Upon returning to work following her suspension, she no longer was assigned to any of the high-profile gigs that she previously anchored including the New York City Marathon and the Rose Parade.

In April 2022, Steele sued ESPN and Disney. Her suit coincided with Disney waging its own high-profile free speech battle with Florida Gov. Ron DeSantis after filing a lawsuit in federal court that claimed the Republican retaliated against the company for opposing the state’s so-called “Don’t Say Gay” bill. DeSantis followed with a countersuit against Disney. (In January, a federal judge dismissed Disney’s lawsuit against DeSantis, and the two parties settled their respective lawsuits against one another in March.)
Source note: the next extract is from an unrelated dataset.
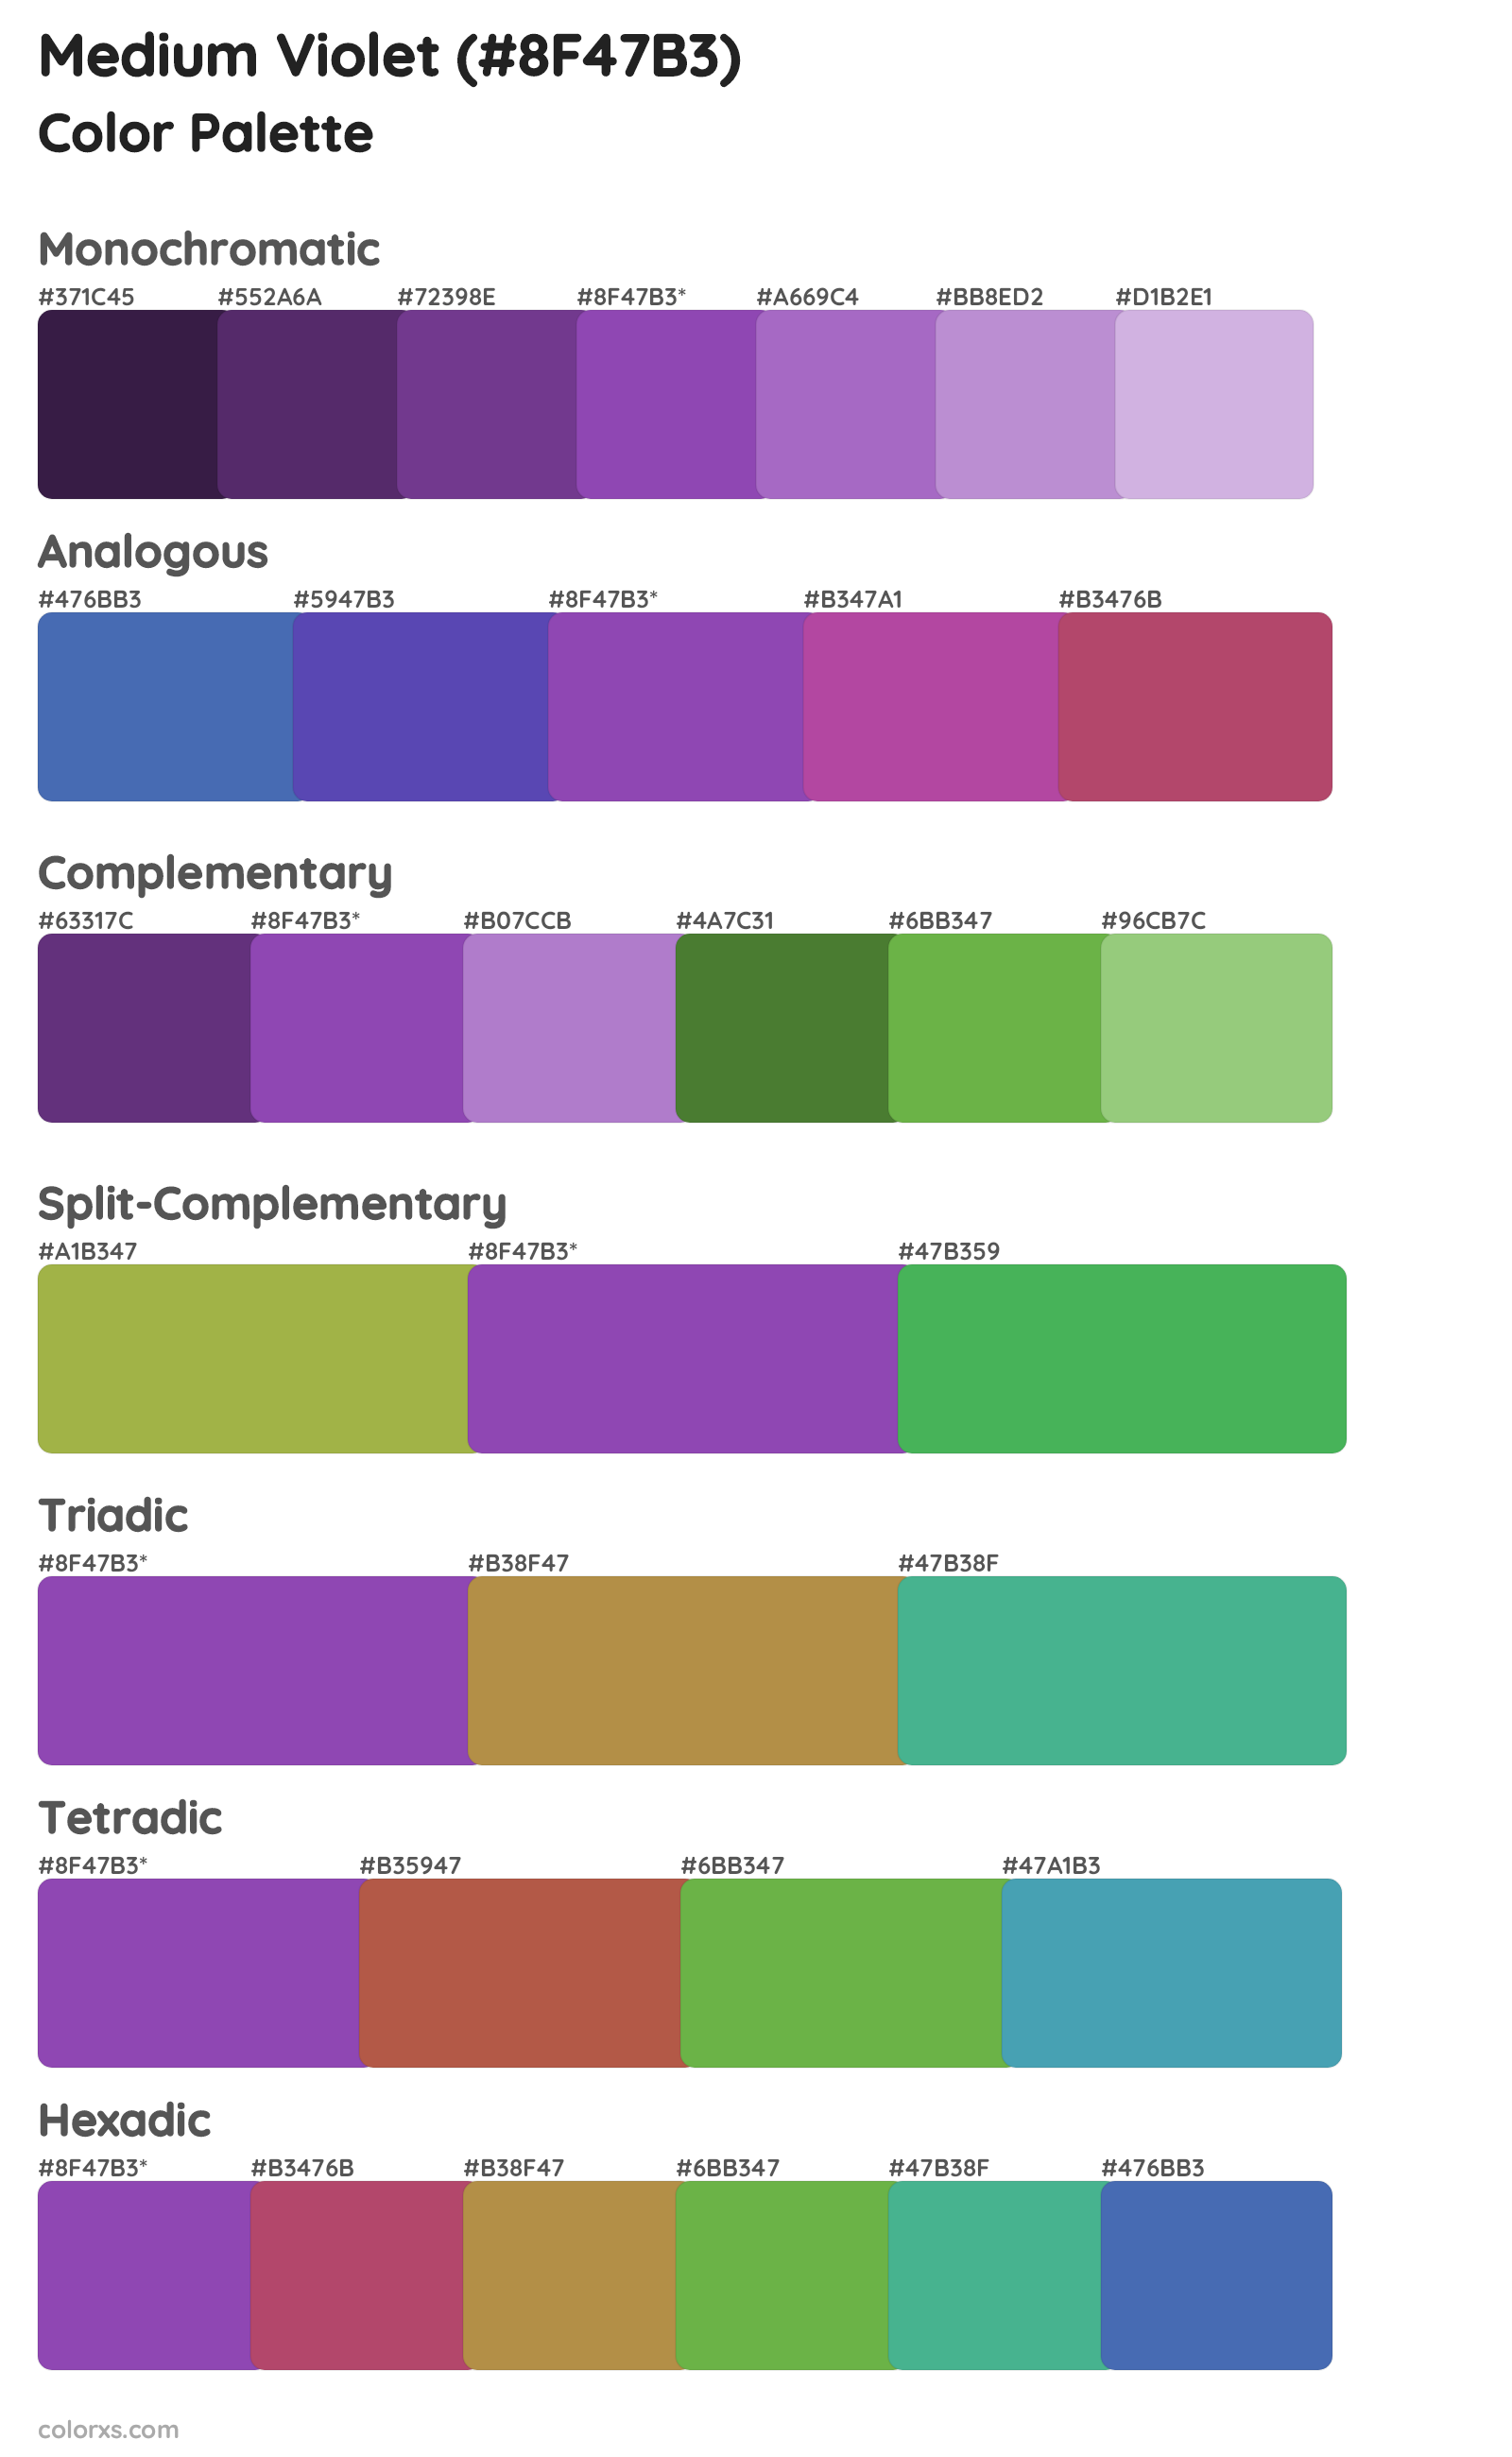 Medium Violet Color Scheme Palettes

Steele exited ESPN in August after settling her suit with the sports network and Disney. Terms of that resolution were not disclosed. In March, Steele began working with Bill Maher and his Club Random Studios, which launched “The Sage Steele Show” as part of its growing portfolio of podcasts. Maher himself may or may not be feuding with CAA. That same month, The Hollywood Reporter reported that the “Real Time” host had dumped the agency after not being invited to partner Bryan Lourd’s Oscars party, but Puck disputed that report. Maher told Variety in March that Maher says “nothing has been decided” regarding his relationship with CAA. He still appears as a client on CAA Speakers’ website, but his IMDbPro entry no longer lists CAA among his representatives. (A CAA spokesperson says Maher remains a client.)

Steele’s suit against CAA comes on the heels of actress Julia Ormond suing the agency in October for allegedly enabling Harvey Weinstein’s sexual abuse. The Ormond case is referenced repeatedly in Steele’s suit as a similar instance of CAA allegedly putting its financial interests ahead of doing right by its clients. That complaint says Ormond informed her agents Lourd and Kevin Huvane that she was sexually assaulted by Weinstein, and they allegedly cautioned her from speaking out and later dropped her as a client. Steele’s suit also points to former clients like Terrence Howard, David Simon and Meredith Stiehm suing CAA.

Steele is being represented by high-profile Hollywood litigator Bryan Freedman, who is no stranger to legal brawls involving CAA. Freedman represented UTA against CAA when the latter sued the former when 11 agents defected from CAA to join UTA, an infamous incident in Hollywood annals dubbed the “midnight raid.” That four-year legal fight was resolved in 2019. Terms of the settlement were not disclosed. Freedman also reps four former CAA agents — Jack Whigham, Dave Bugliari, Michael Cooper and Mick Sullivan — who are in arbitration with the agency after leaving CAA to launch management company Range Media.

According to Steele’s complaint, she was forced to engage in “protracted and costly litigation” against ESPN, which could have been avoided had CAA advocated for her interests instead of telling her to apologize. The complaint also highlights a double standard that Steele believes she faced. “CAA could have insisted that ESPN treat Steele fairly and evenhandedly by taking the same stance on Steele’s comments that it had taken on countless other employees’ public political comments, many of which were far more controversial and took place on ESPN’s platforms, but were apparently deemed acceptable by ESPN because they reflected a left-wing perspective,” the suit says. “(For example, Elle Duncan and Malika Andrews (both represented by CAA, with Matt Kramer (Steele’s agent at the time of the relevant events) personally representing Andrews), were allowed and even encouraged to give their controversial political opinions on ESPN airtime, while facing no consequences whatsoever.) Any of these actions would have demonstrated that CAA was acting on Steele’s behalf and in her best interest.”